The 2nd Guards Artillery Perekop Red Banner Order of Suvorov Division was an artillery formation of the Soviet Army - Soviet Ground Forces - from c.1946 to 1993.

The 4th Artillery Division was formed in the early war years, and then in April 1943 it was reorganised as the 2nd Guards Artillery Breakthrough Division. Seemingly in the late 1940s the "Breakthrough" name was withdrawn from the title.

During the Second World War the division fought with the 51st Army; the 2nd Guards Army; and the 1st Shock Army. On 1 June 1943 the division was part of the 51st Army.

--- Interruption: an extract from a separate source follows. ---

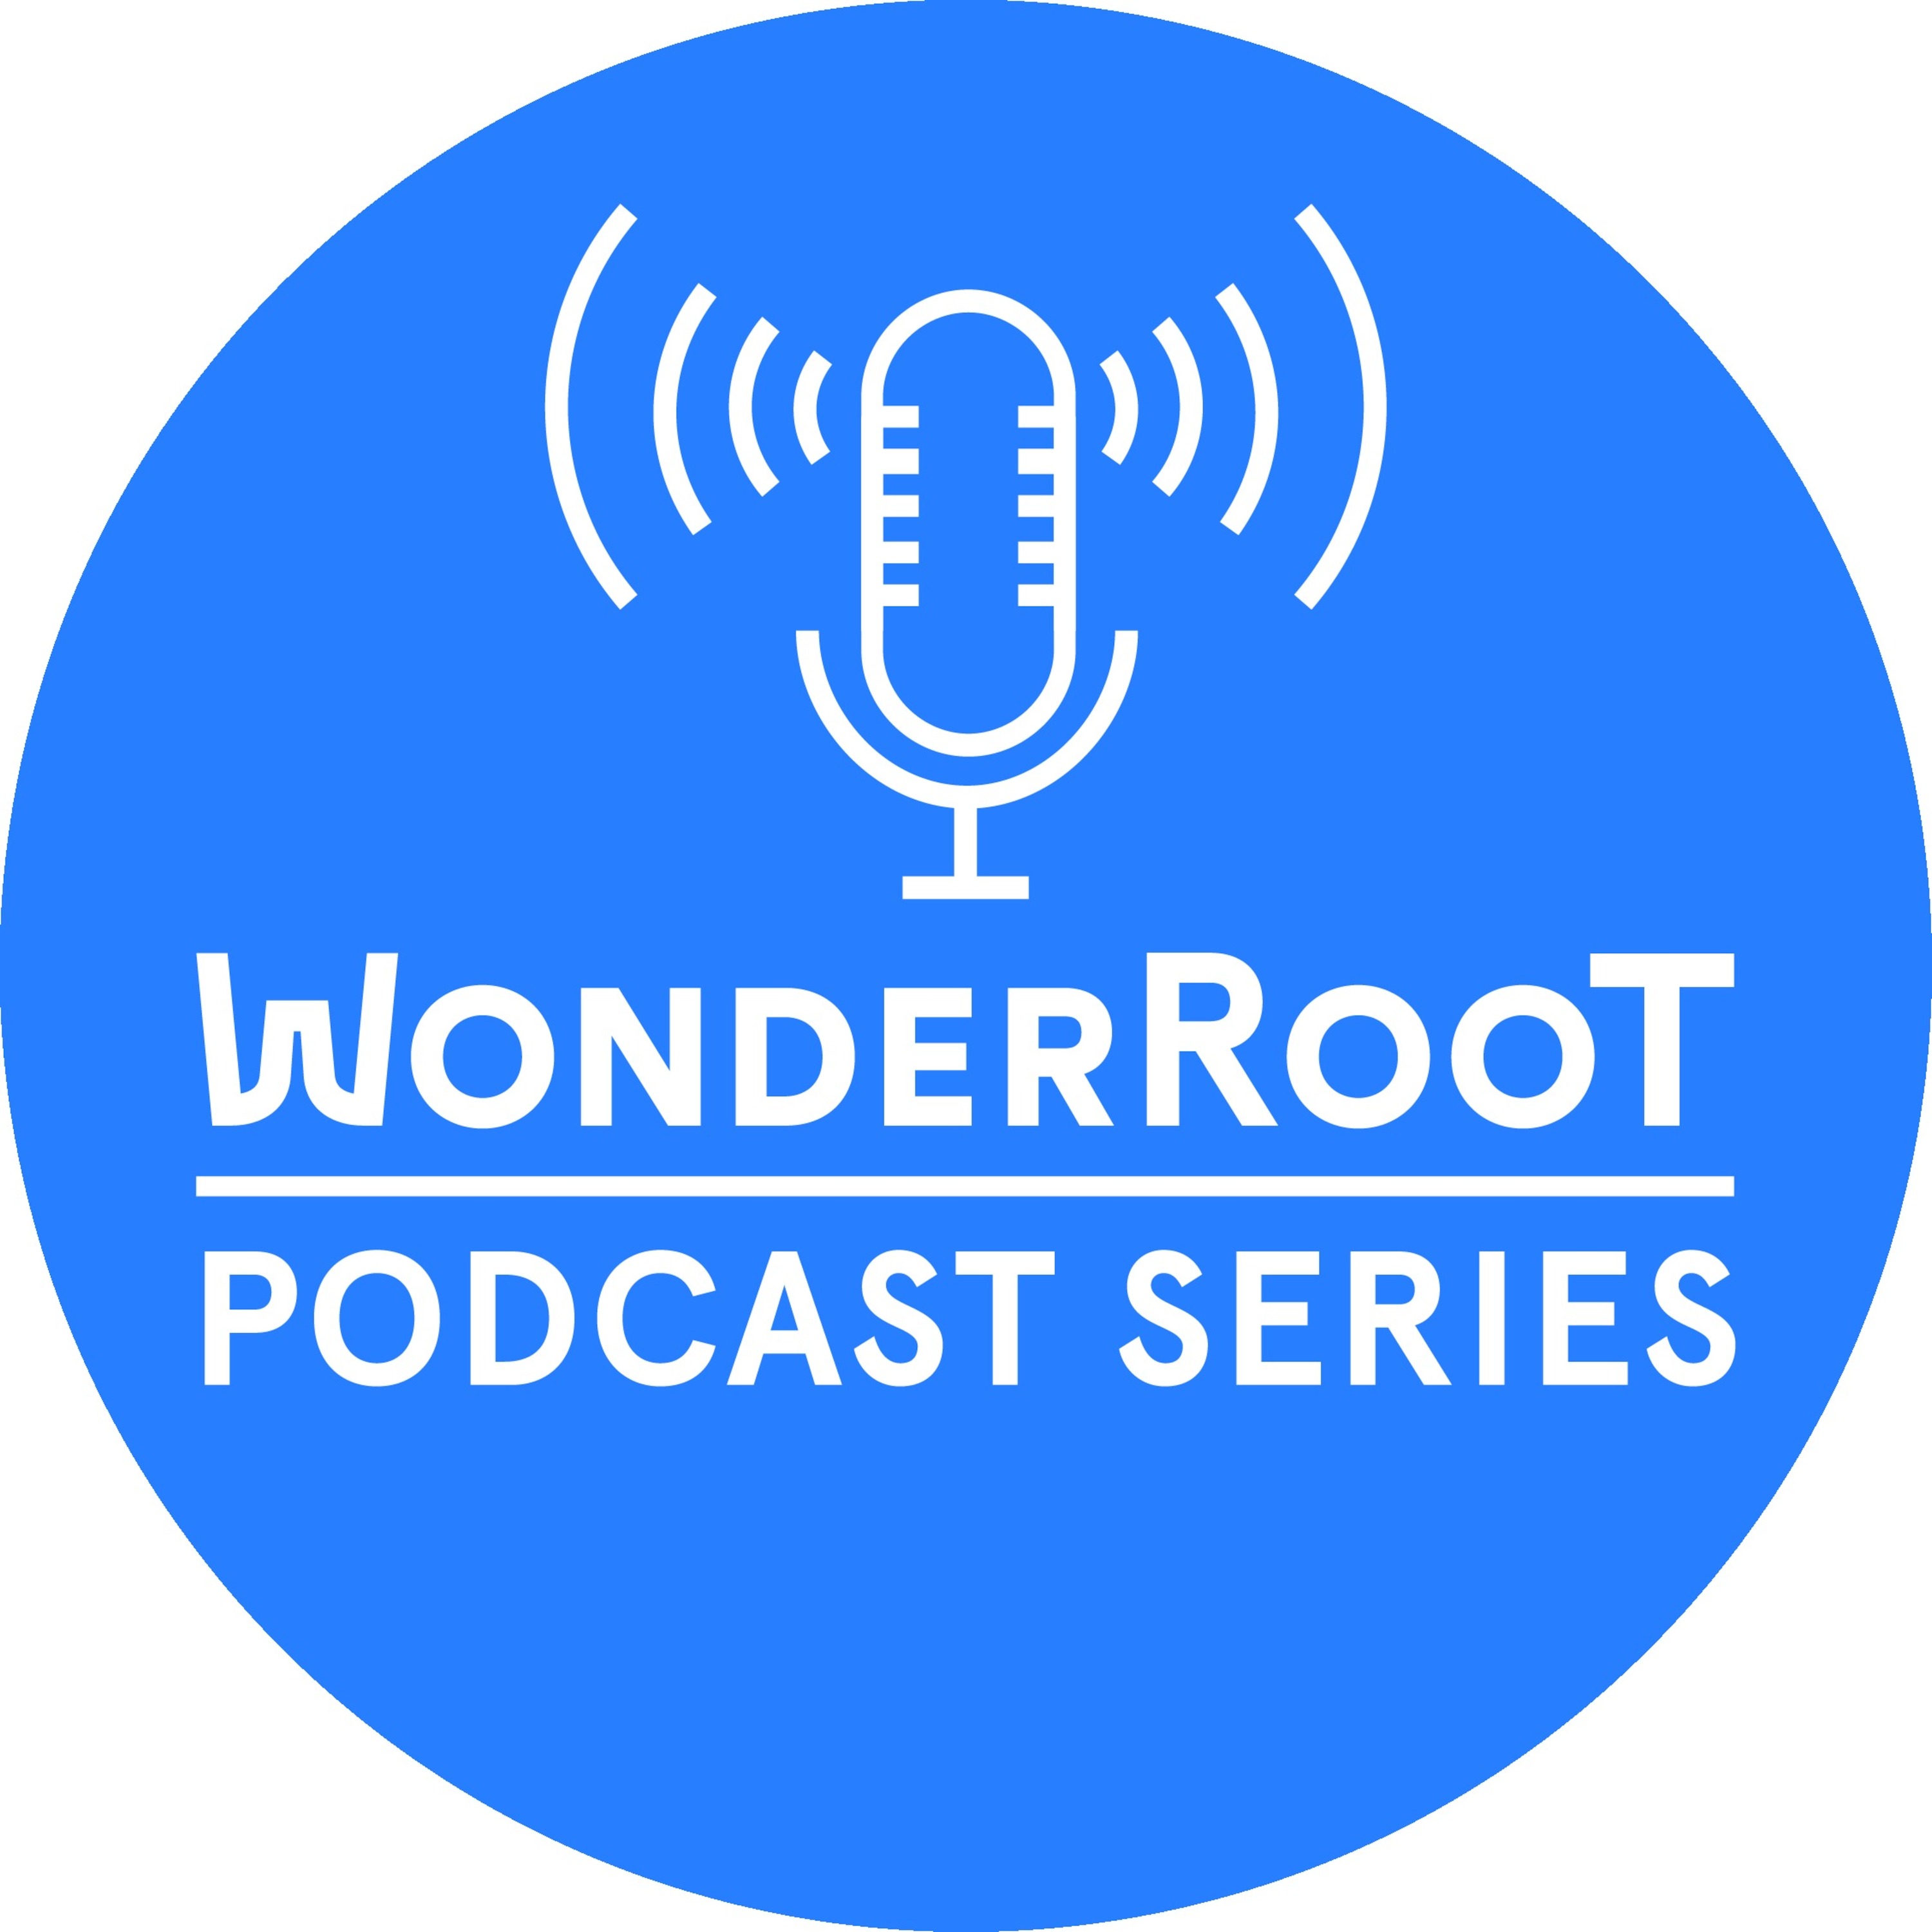 The WonderRoot Podcast Series

After the war, the 2nd Guards Artillery Division was withdrawn from the Baltic to the Leningrad Military District, to the city of Pushkin. Some forces were garrisoned at Pavlovsk, four kilometres away. The composition of its brigades after the war underwent some changes, and their numbering also changed - in 1946 it included 5 brigades: the 4th Light Guards, military unit 25756 (August 5, 1945, reorganized into 42nd Guards Heavy Mortar), 5th Howitzer and 6th Heavy Howitzer, 19th Cannon, as well as the 165th High Power Howitzer and 39th Guards Mortar transferred from the 28th Artillery Division.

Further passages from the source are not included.